Follow the evaluation setting of [text-to-motion](https://github.com/EricGuo5513/text-to-motion), we evaluate our model 20 times and report the average result. Due to the multimodality part where we should generate 30 motions from the same text, the evaluation takes a long time.

```bash
python3 GPT_eval_multi.py \
--exp-name TEST_GPT \
--batch-size 128 \
--num-layers 9 \
--embed-dim-gpt 1024 \
--nb-code 512 \
--n-head-gpt 16 \
--block-size 51 \
--ff-rate 4 \
--drop-out-rate 0.1 \
--resume-pth output/VQVAE/net_last.pth \
--vq-name VQVAE \
--out-dir output \
--total-iter 300000 \
--lr-scheduler 150000 \
--lr 0.0001 \
--dataname t2m \
--down-t 2 \
--depth 3 \
--quantizer ema_reset \
--eval-iter 10000 \
--pkeep 0.5 \
--dilation-growth-rate 3 \
--vq-act relu \
--resume-trans output/GPT/net_best_fid.pth
```

## 6. SMPL Mesh Rendering

SMPL Mesh Rendering

You should input the npy folder address and the motion names.

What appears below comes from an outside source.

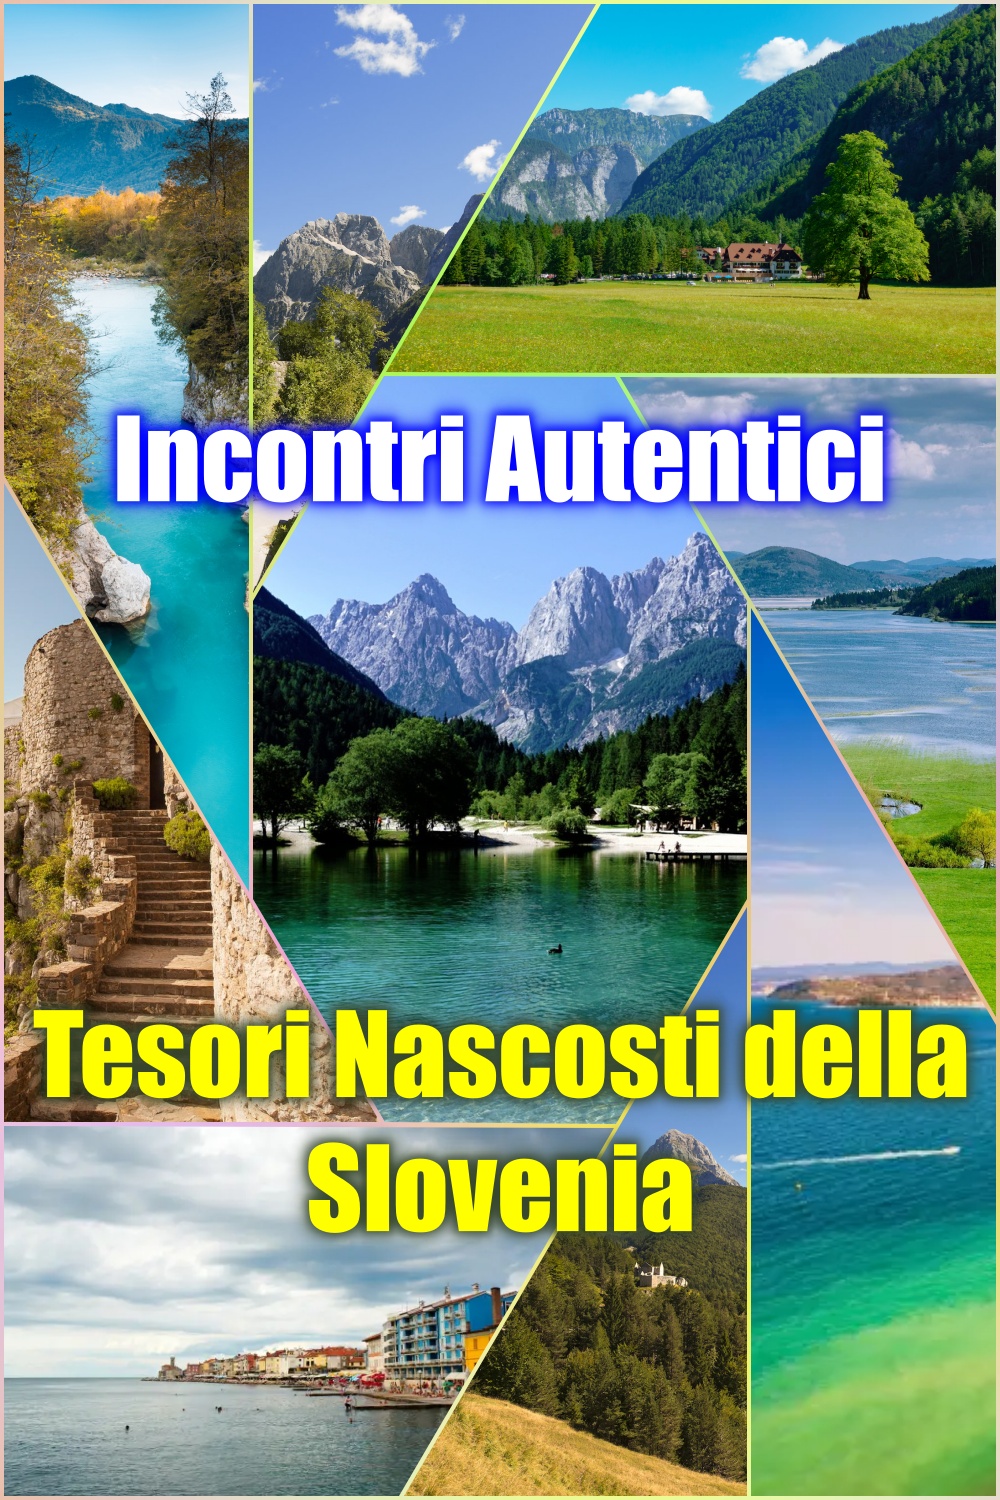 Tesori Nascosti della Slovenia

Here is an example:

```bash
python3 render_final.py --filedir output/TEST_GPT/ --motion-list 000019 005485
```

### 7. Acknowledgement

We appreciate helps from :

* public code like [text-to-motion](https://github.com/EricGuo5513/text-to-motion), [TM2T](https://github.com/EricGuo5513/TM2T), [MDM](https://github.com/GuyTevet/motion-diffusion-model), [MotionDiffuse](https://github.com/mingyuan-zhang/MotionDiffuse) etc.
* Mathis Petrovich, Yuming Du, Yingyi Chen, Dexiong Chen and Xuelin Chen for inspiring discussions and valuable feedback.
* Minh Chien Vu for the hugging face space demo.

### 8. ChangLog

* 2023/02/19 add the hugging face space demo for both skelton and SMPL mesh visualization.